» Task prompt
When you transcribe the listing that follows, keep every line exact and omit the pictures.

» Supplied data
= Beginning of Section =

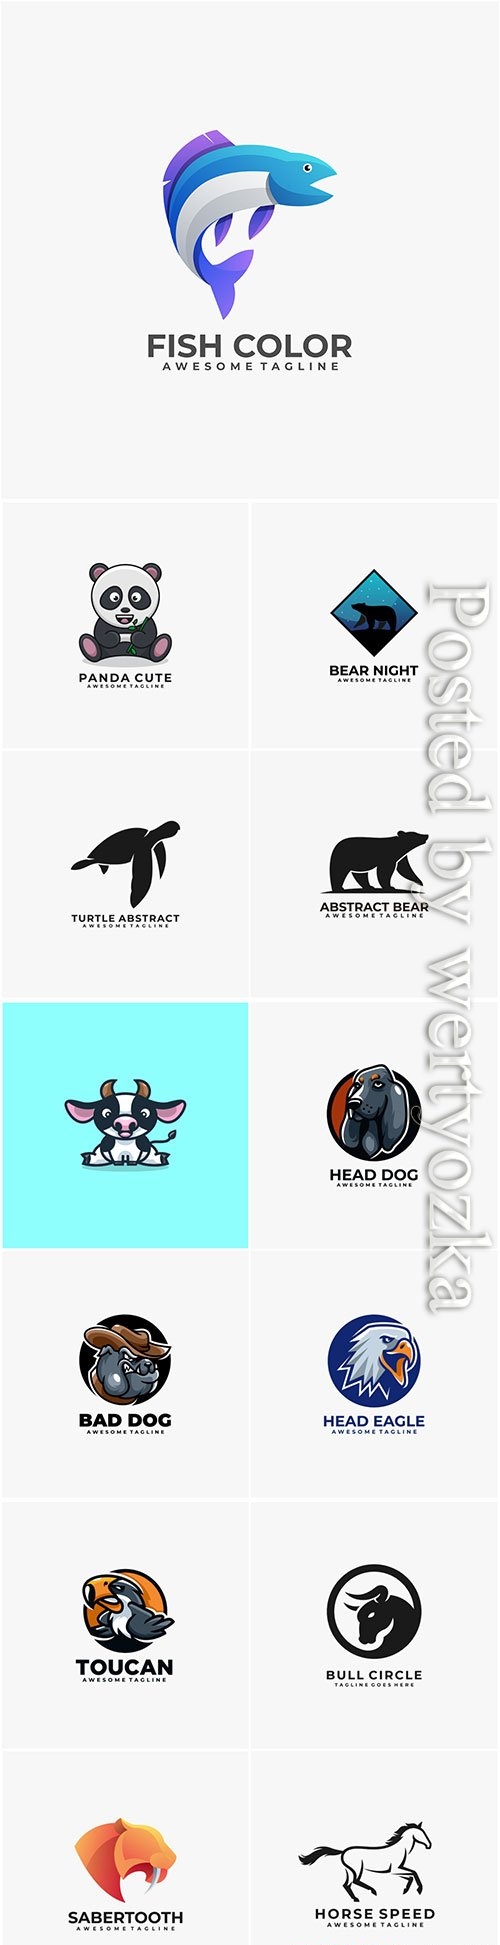 Animals and birds logos in vector
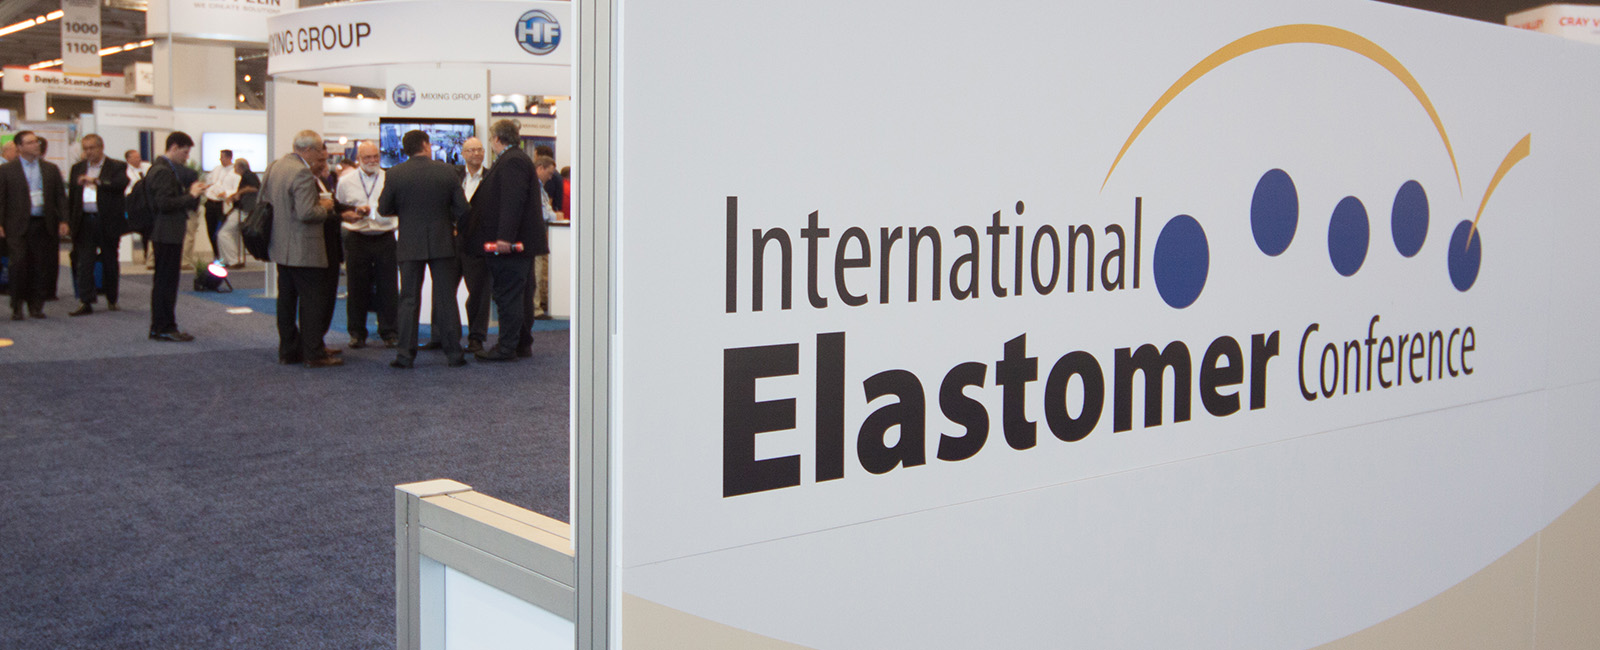 Conference attendees gathering at booths behind International Elastomer Conference indoor floor signage
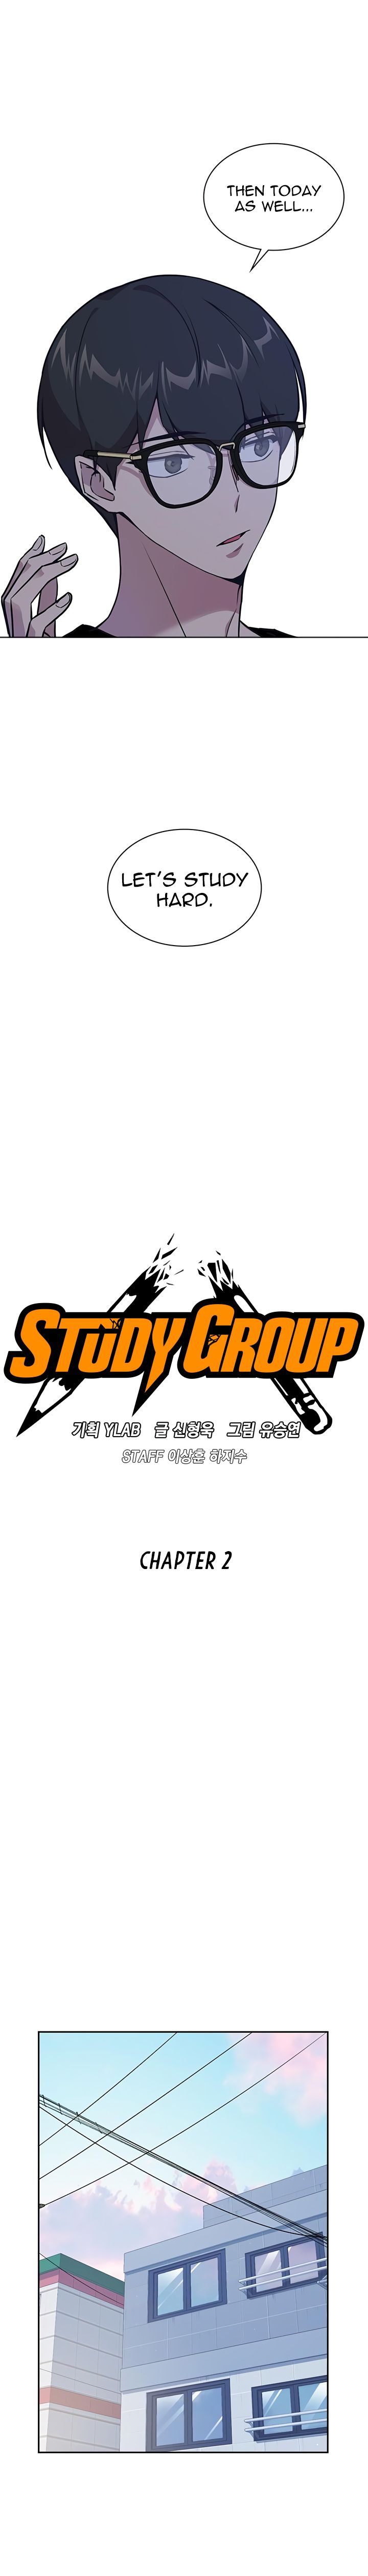 Study Group 2 8

= End of Section =

» Answer to the problem
 Animals and birds logos in vector
 Conference attendees gathering at booths behind International Elastomer Conference indoor floor signage
 Study Group 2 8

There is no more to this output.